Мне пятьдесят два. Осень жизни. Старость подкрадывается внезапно и незаметно. Морщины вокруг глаз. Мне всегда хватало одной сальной свечи для чтения, теперь же и двух маловато. В молодости я мог съесть столько, что живот становился похожим на парус при штормовом попутном ветре, а теперь наедаюсь мгновенно, а кишечник отпускает содержимое на волю весьма неохотно, через два дня на третий. Руки, которыми я мог изобразить с похвальной точностью каждую прожилку на листе, начинают дрожать, едва я макаю перо в чернила. Появилась сутулость – дети утверждают, что я хожу, сгорбившись, как против ветра, хотя я этого не замечаю, мне-то кажется, держусь прямо. Иногда не могу найти нужное слово, иногда останавливаюсь и лихорадочно ищу в памяти имя того или иного прихожанина; совершенно точно знаю, как его зовут, а вспомнить не могу. Работа, даже несложная, которую еще пару лет назад я мог закончить за два-три часа, теперь требует целого дня. Жизнь идет на убыль, скоро и я обращусь в прах. Но… как же все-таки она коротка! Еще недавно я чуть не бегал по болотам в Вестерботтене с ботанизиркой, битком набитой редкими видами. Передо мной была открыта вечность, гостеприимно предлагающая все новые и новые дары. Я был не женат, честолюбив, у меня еще не было детей. По вечерам приходилось загонять себя в постель, но мои ноги продолжали идти и во сне. И думал я тогда только о себе. О предстоящих победах – у меня не было никаких сомнений, что они не за горами. О сладости восхвалений, которые будут звучать со всех кафедр во всех университетах. О признании моих побед.

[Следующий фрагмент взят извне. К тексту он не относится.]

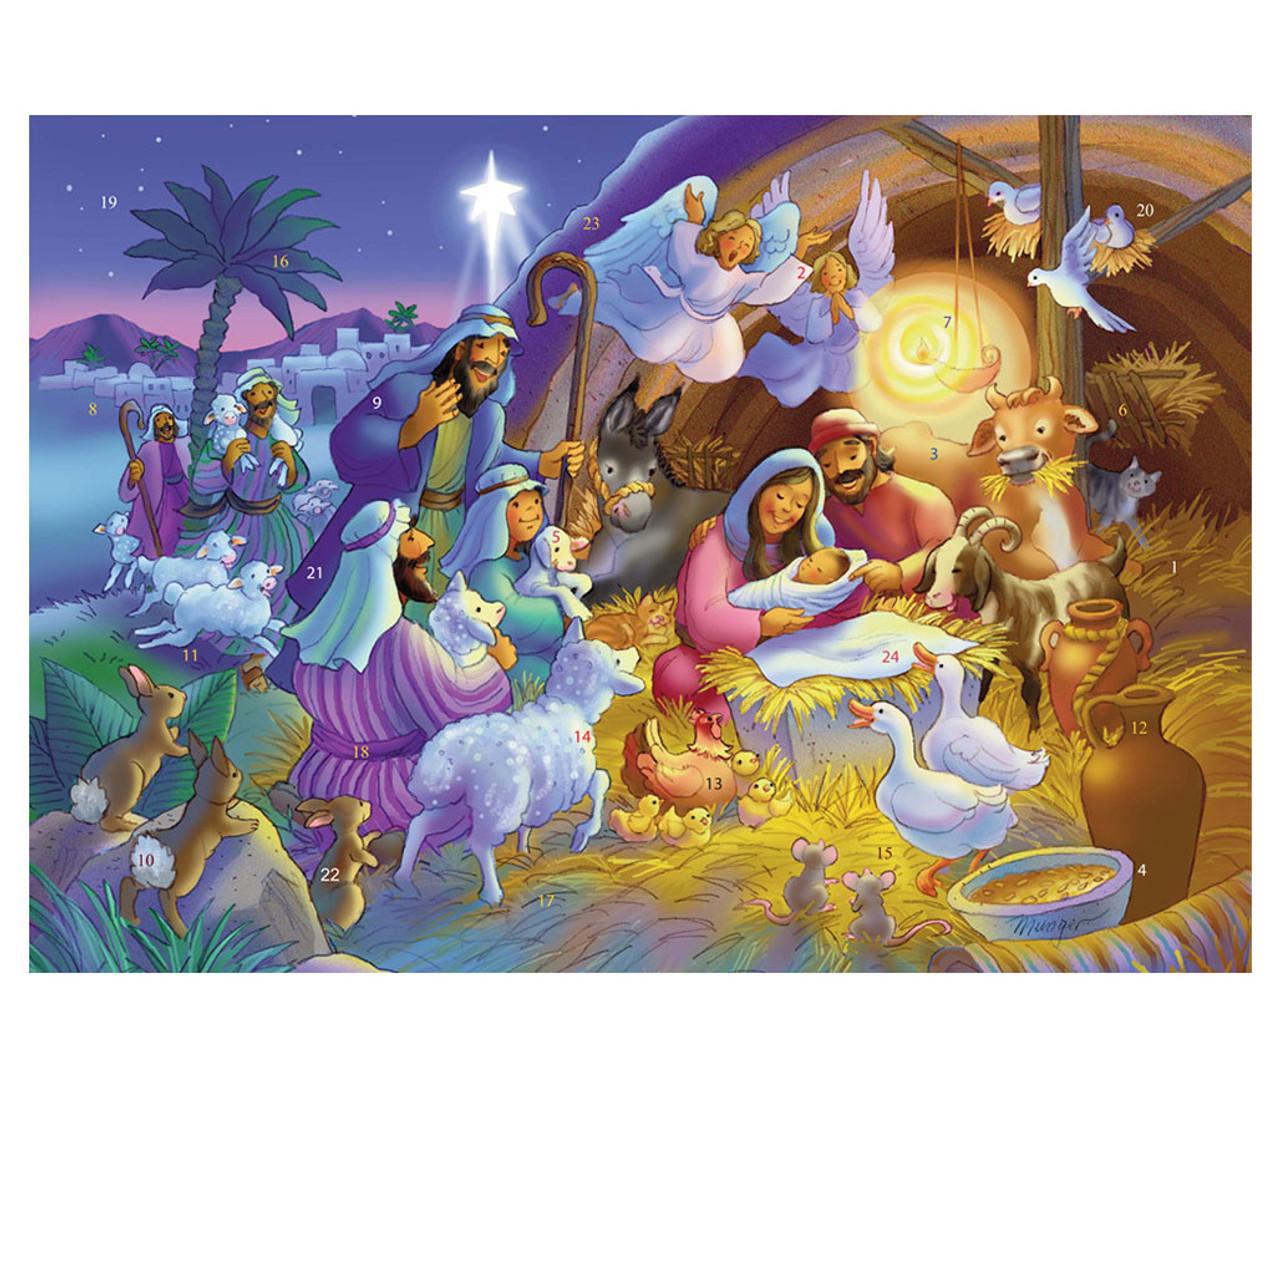 Heavenly Night Advent Calendar
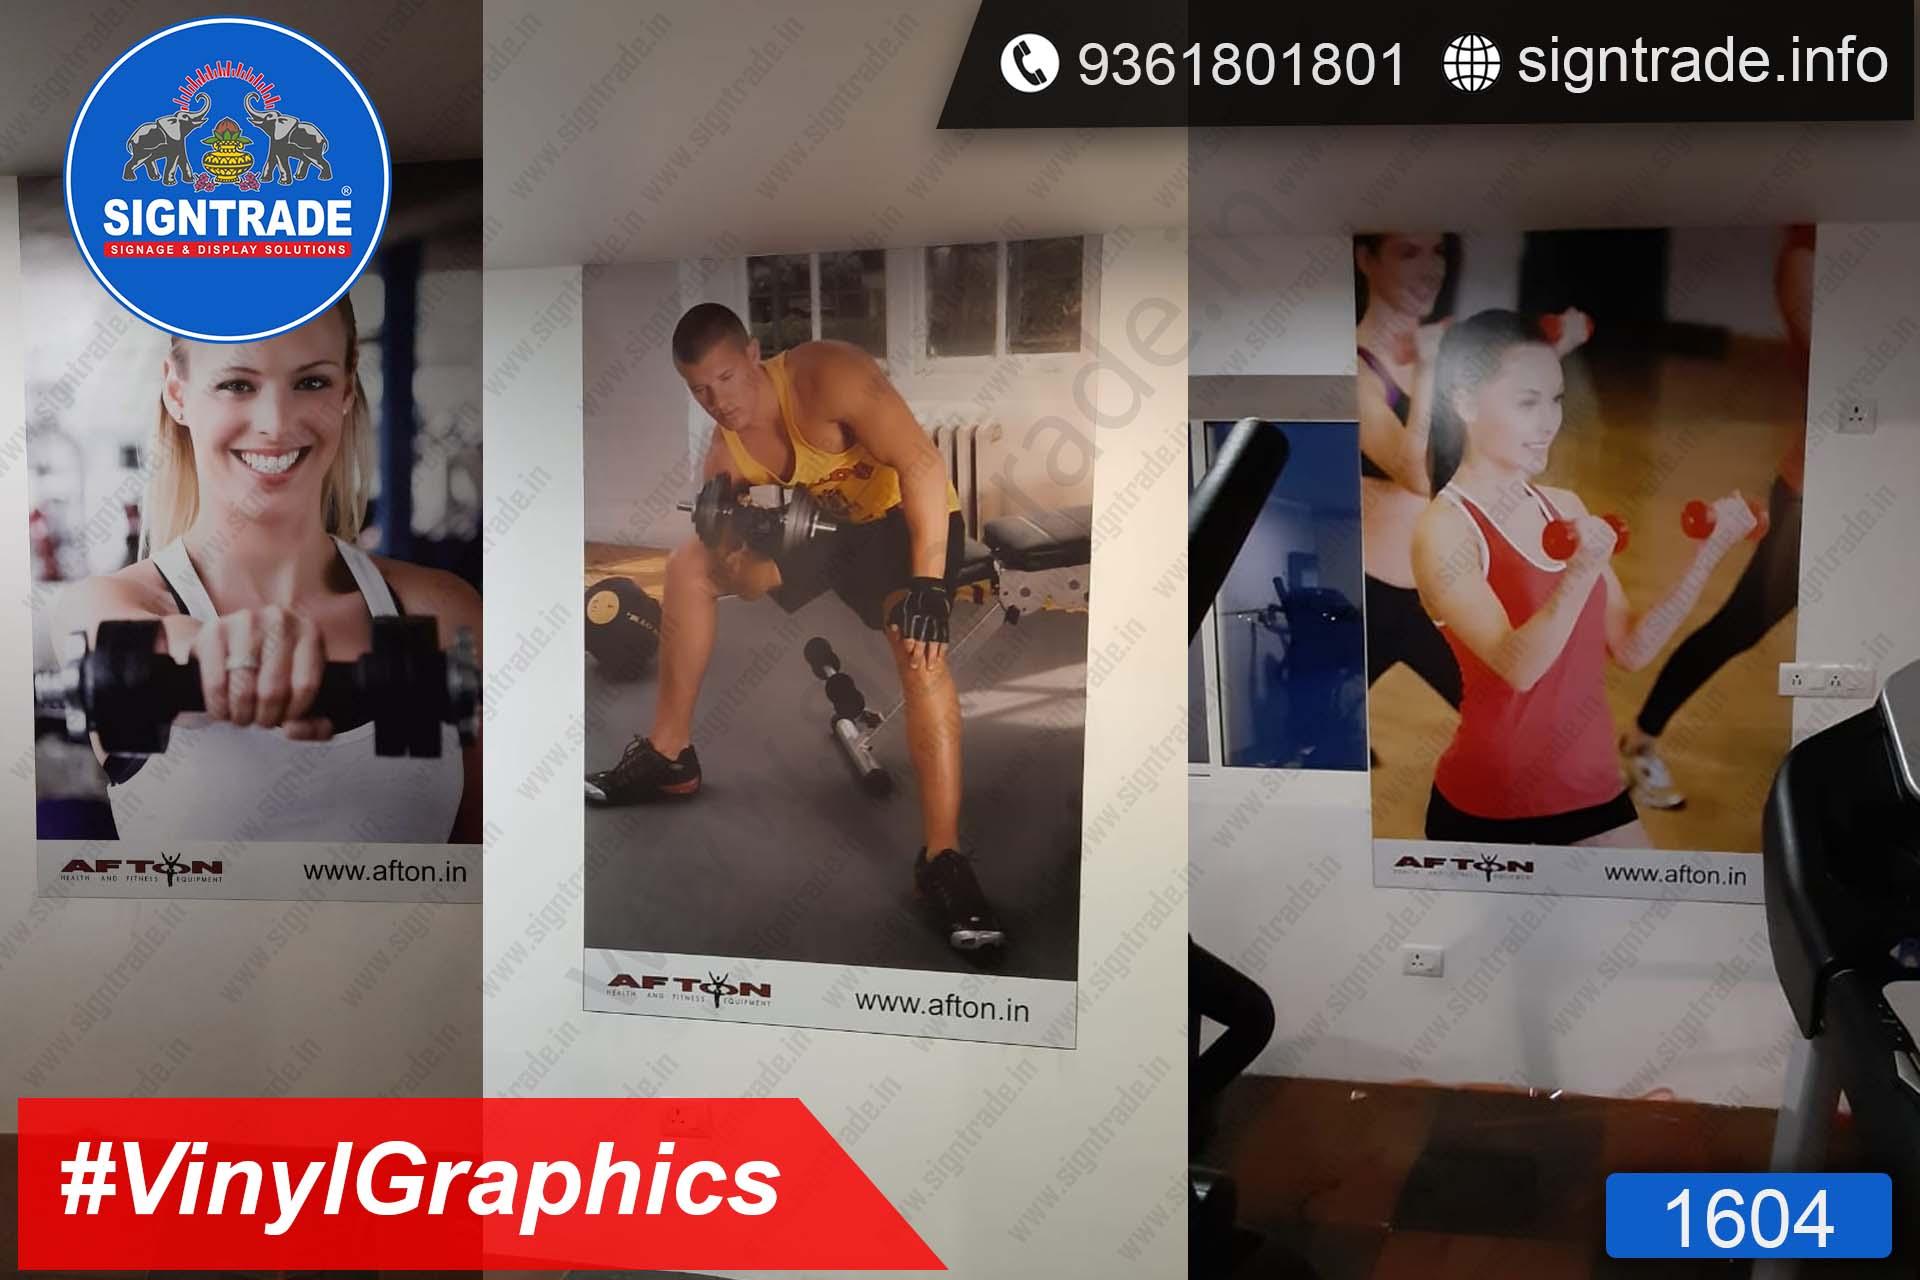 Afton, Kolapakkam, Chennai - SIGNTRADE - Wall Graphics, Vinyl Graphics, Vinyl Printing Service in Chennai

И да, успехов я достиг. Но успехов совсем не того свойства. Академические звания присвоили другим, более гибким претендентам. А мне досталась иная участь. Трогать души человеческие и врачевать разбитые сердца.
А потом я очутился в пустыне. Двадцати восьми лет от роду я держал на руках мертвую дочку. Эмма Мария, она не прожила и недели. Крошечное тельце было еще теплым, белки полузакрытых глаза светились, будто там, в головке, горела последняя в ее жизни свеча. Мы сидели молча, Брита Кайса и я. Душа покинула нашу девочку. О, как трудно в такие моменты сохранять веру… Наша дочь, зачатая в грехе, когда мы еще не были обвенчаны, – здоровая, крепкая девочка. А Эмма Мария, самая невинная из нас, не успевшая согрешить ни в словах, ни в поступках, ни даже в мыслях, покинула этот мир.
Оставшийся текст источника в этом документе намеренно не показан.